* DATA SEGMENT:
* * *

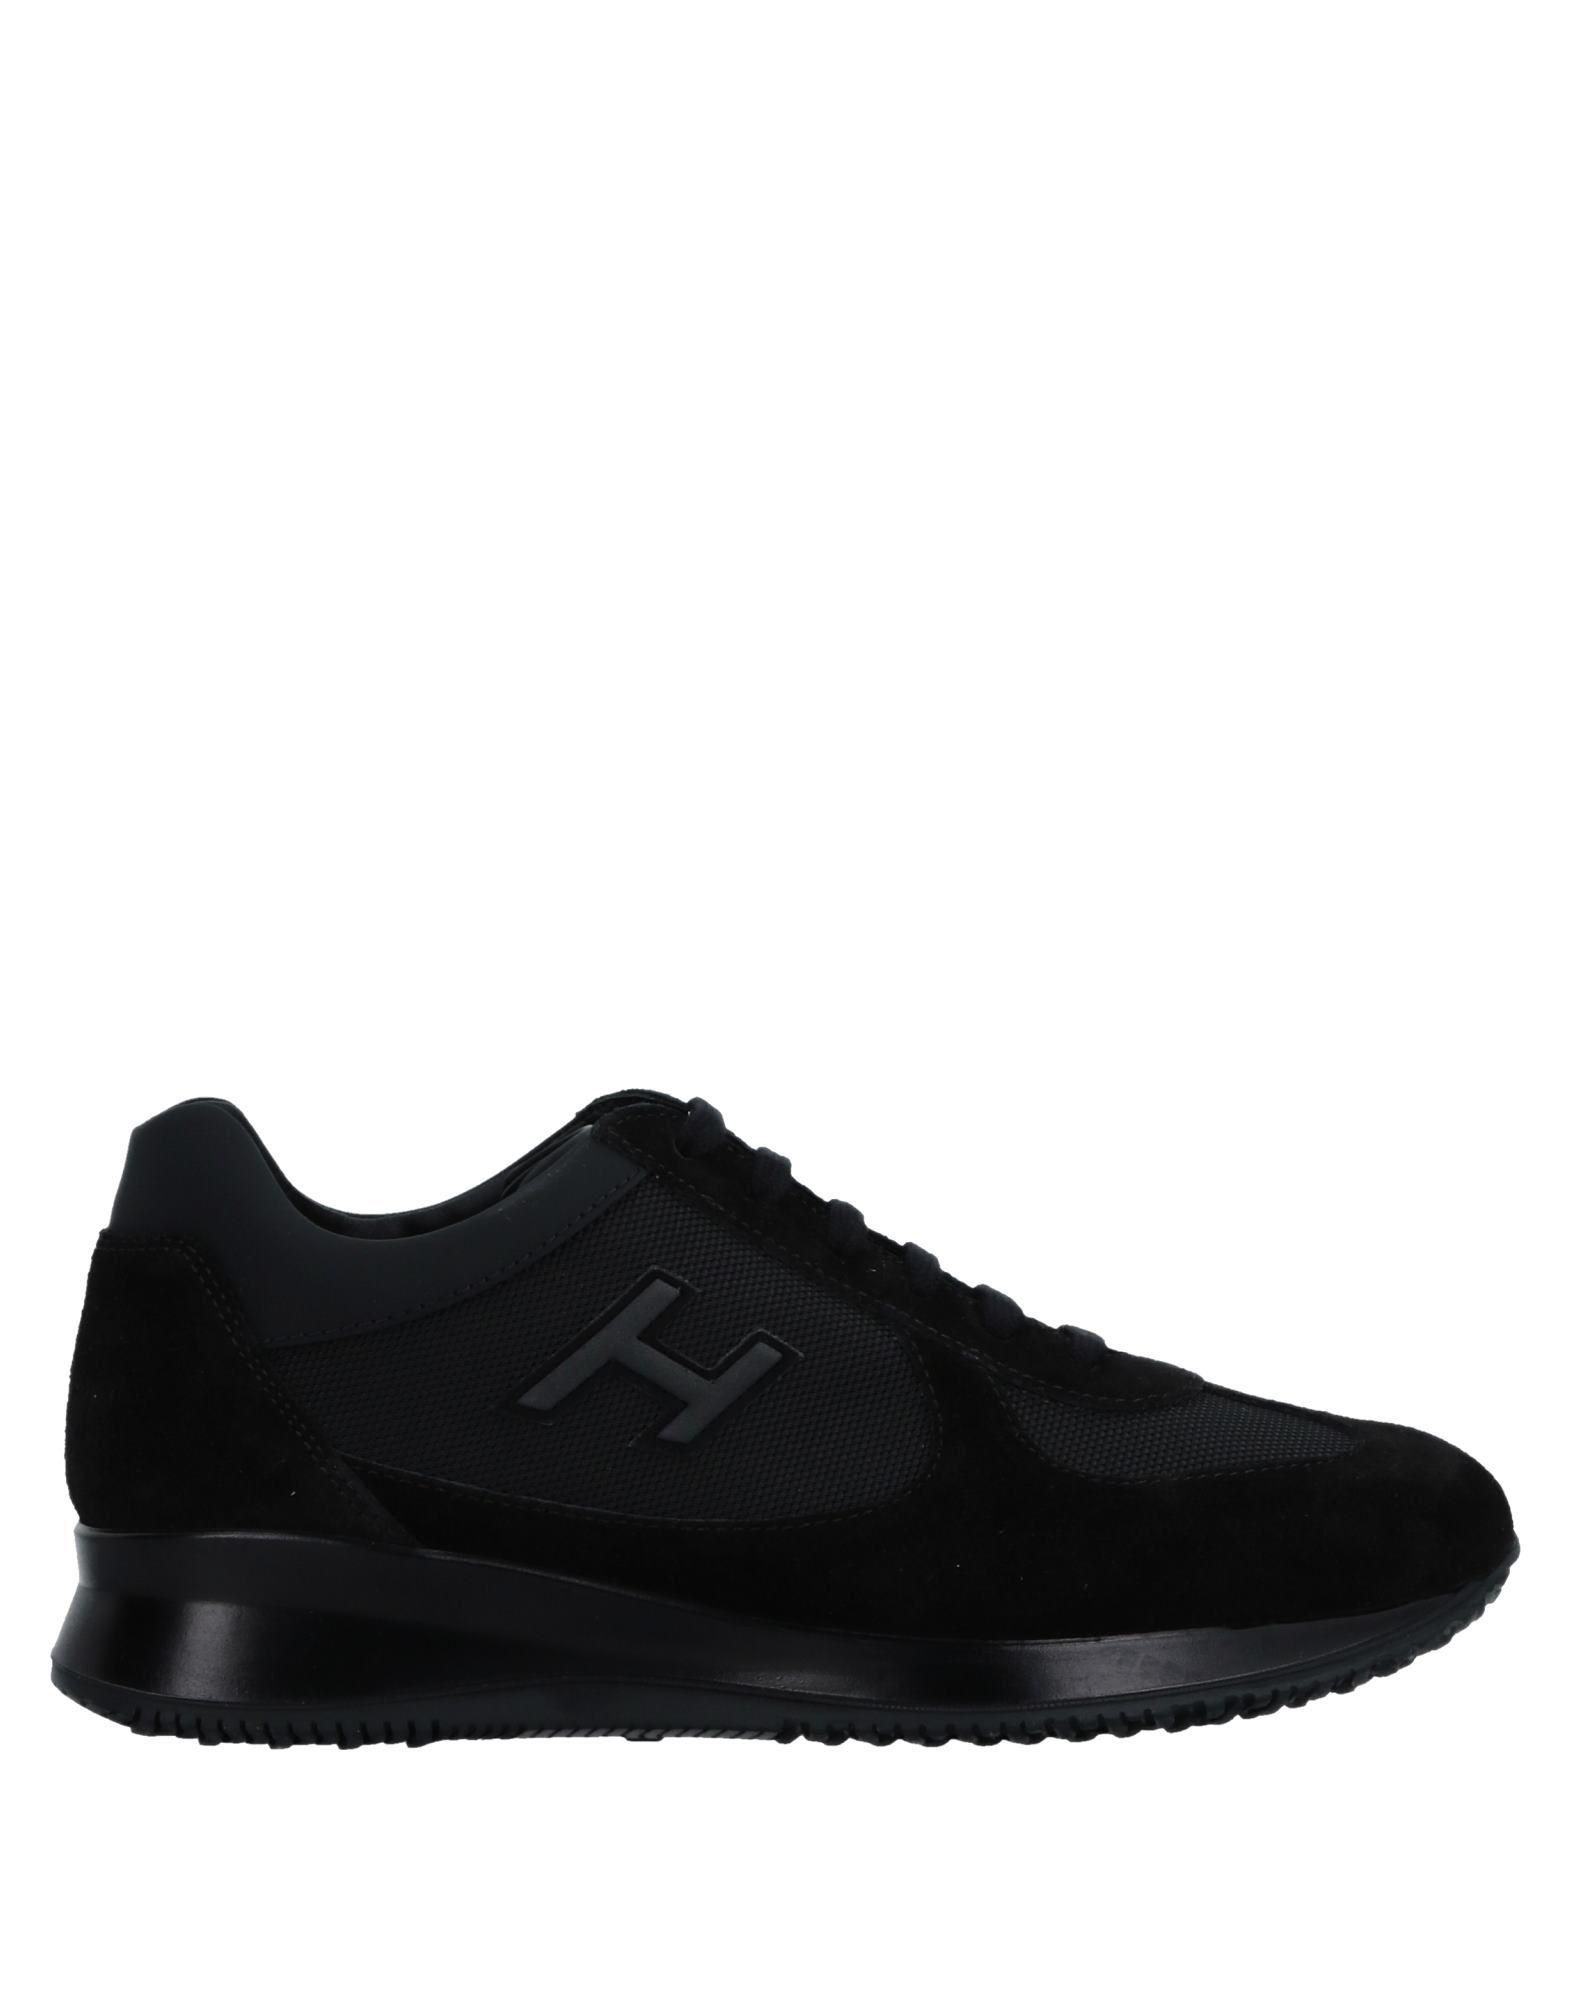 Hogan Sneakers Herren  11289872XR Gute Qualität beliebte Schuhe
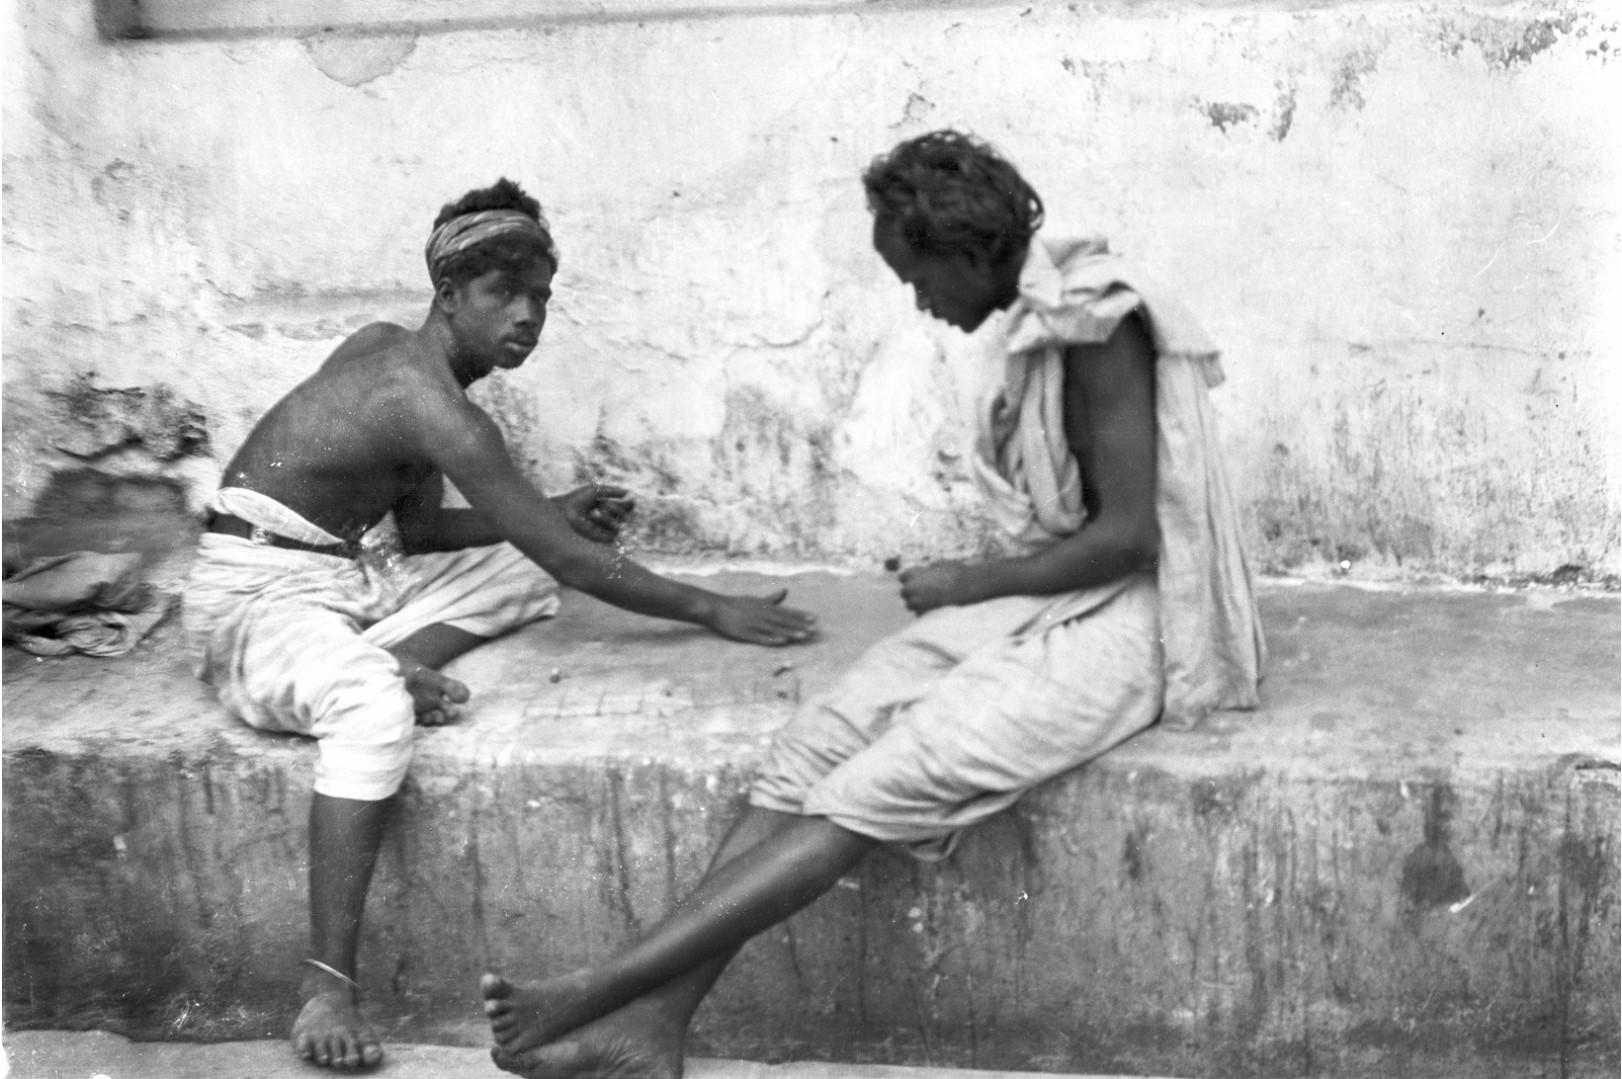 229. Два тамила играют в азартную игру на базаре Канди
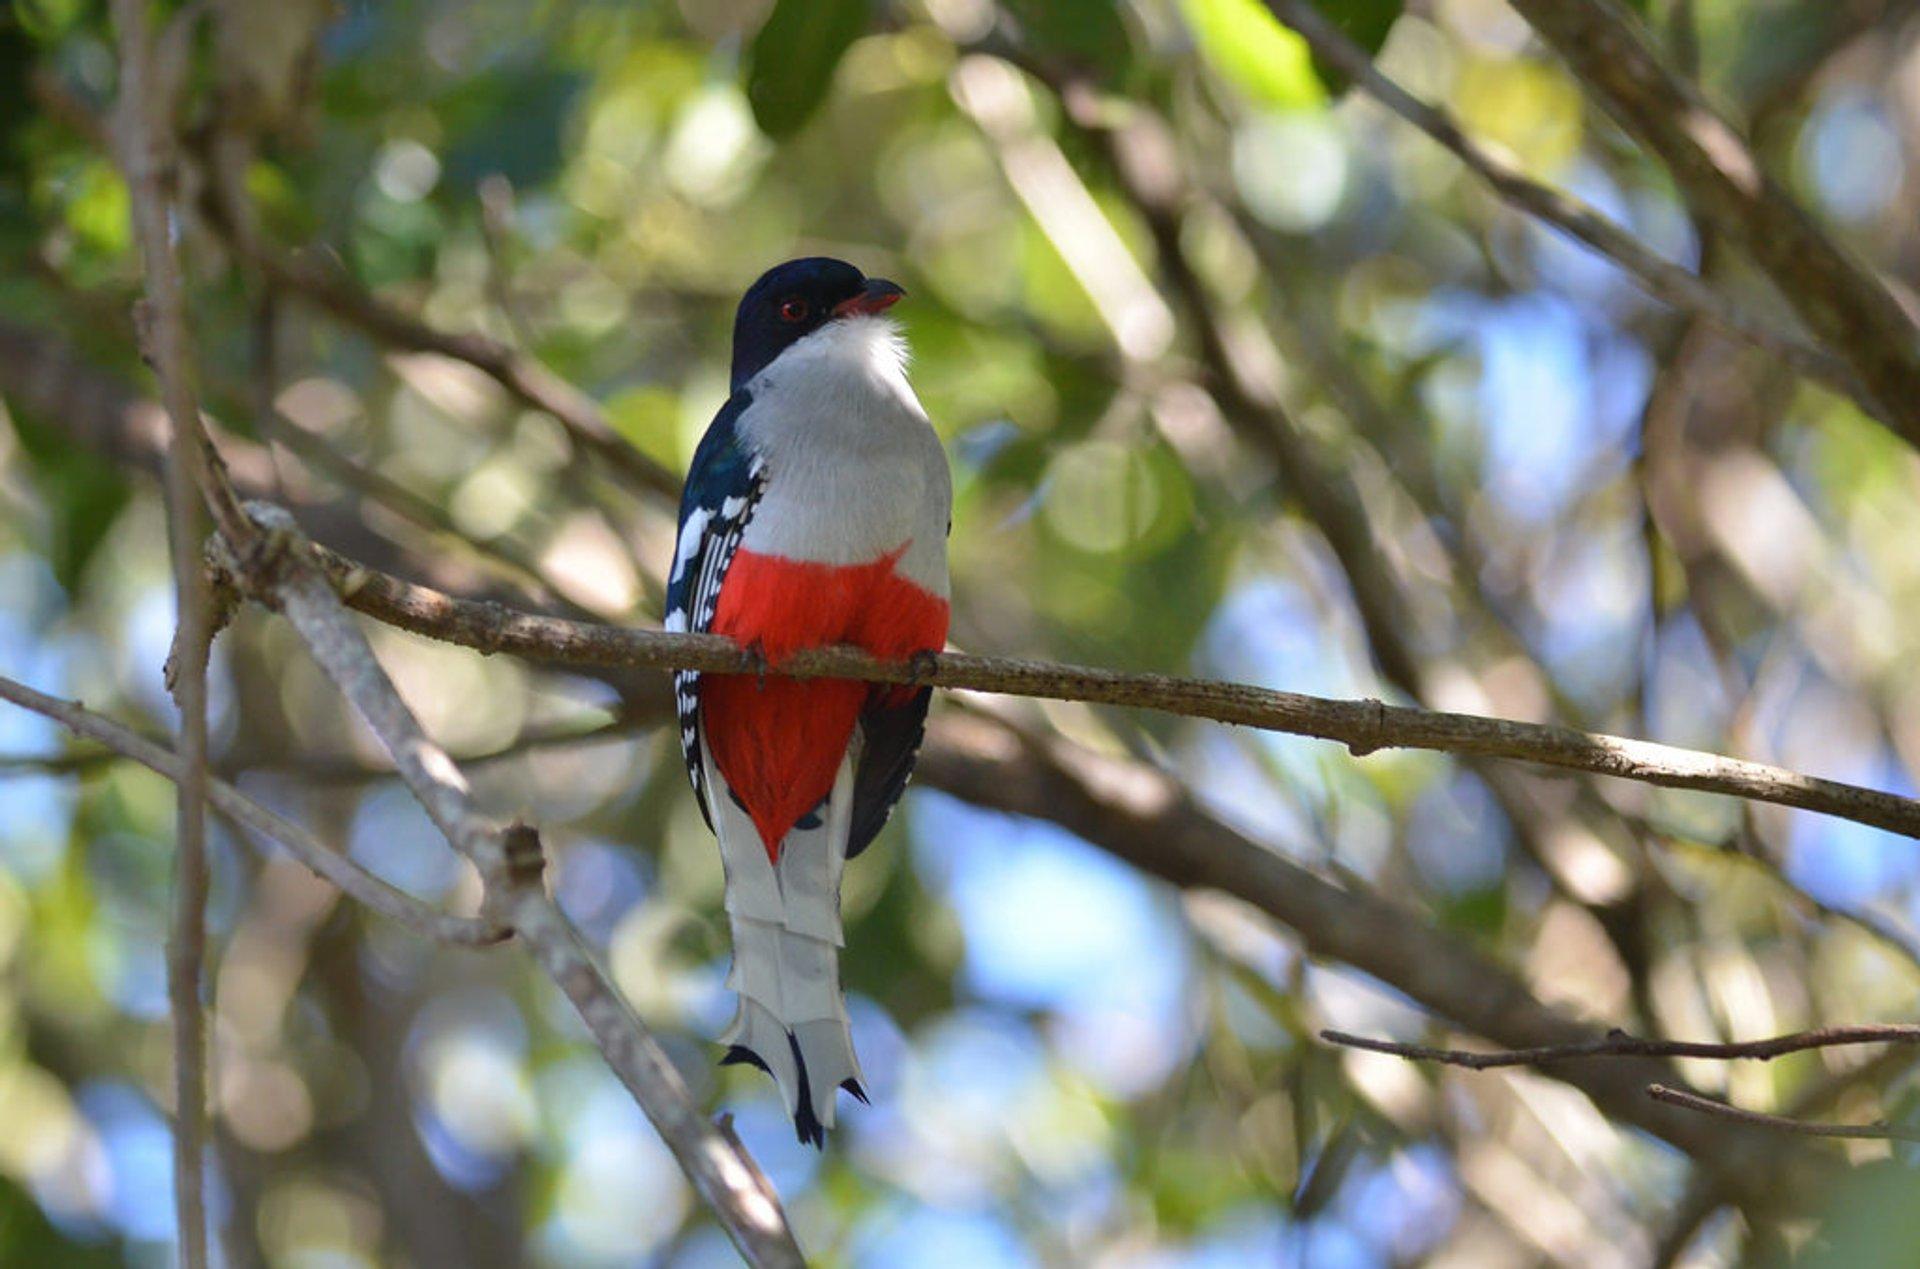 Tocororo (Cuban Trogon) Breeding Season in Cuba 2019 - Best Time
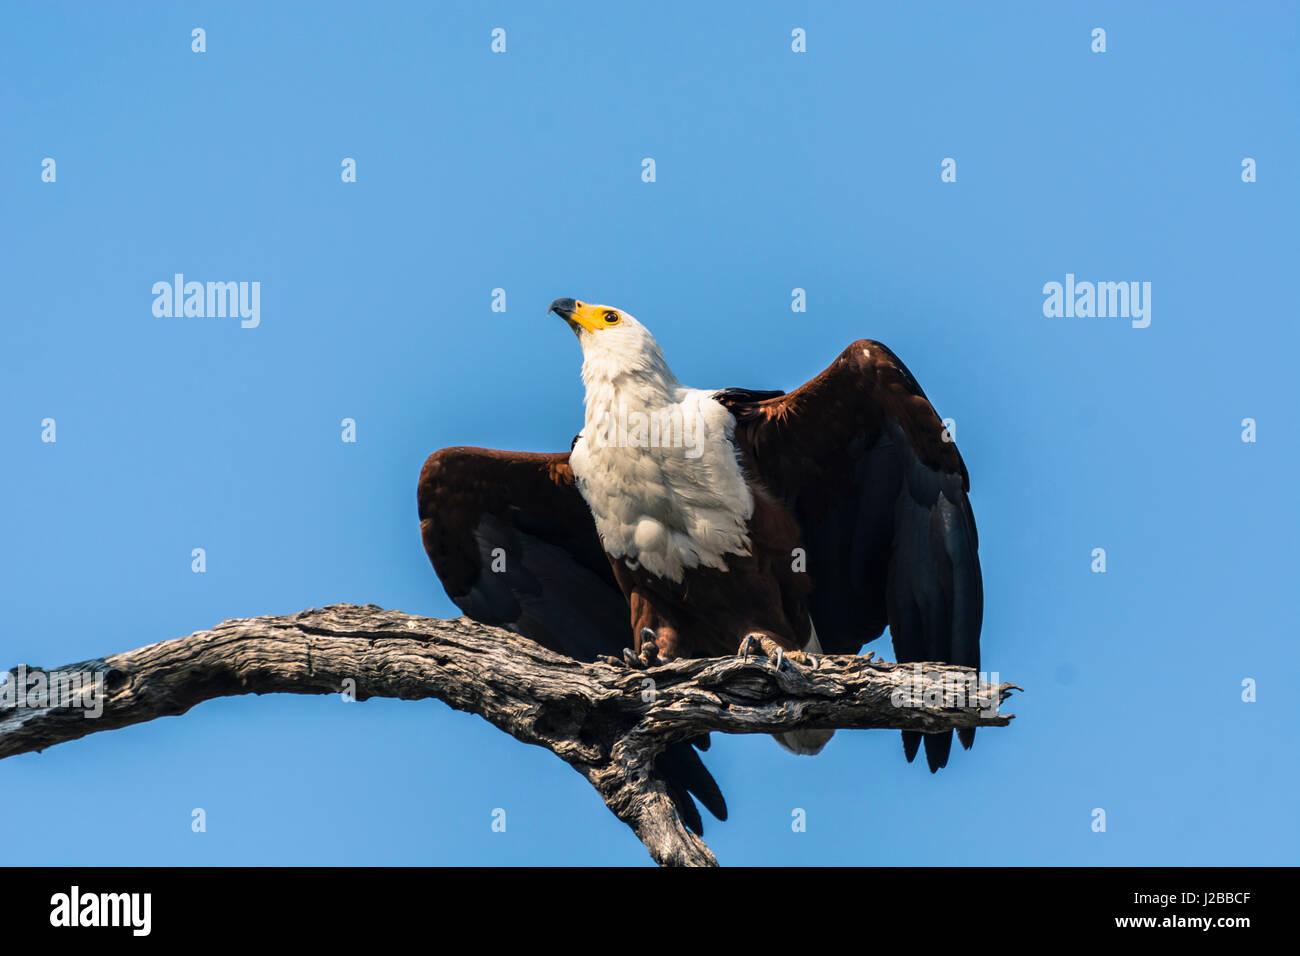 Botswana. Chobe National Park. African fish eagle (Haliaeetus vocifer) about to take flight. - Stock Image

* * *

Restate the whole listing exactly as written, minus the pictures.

* FINISHED TASK:
 Hogan Sneakers Herren  11289872XR Gute Qualität beliebte Schuhe
 229. Два тамила играют в азартную игру на базаре Канди
 Tocororo (Cuban Trogon) Breeding Season in Cuba 2019 - Best Time
 Botswana. Chobe National Park. African fish eagle (Haliaeetus vocifer) about to take flight. - Stock Image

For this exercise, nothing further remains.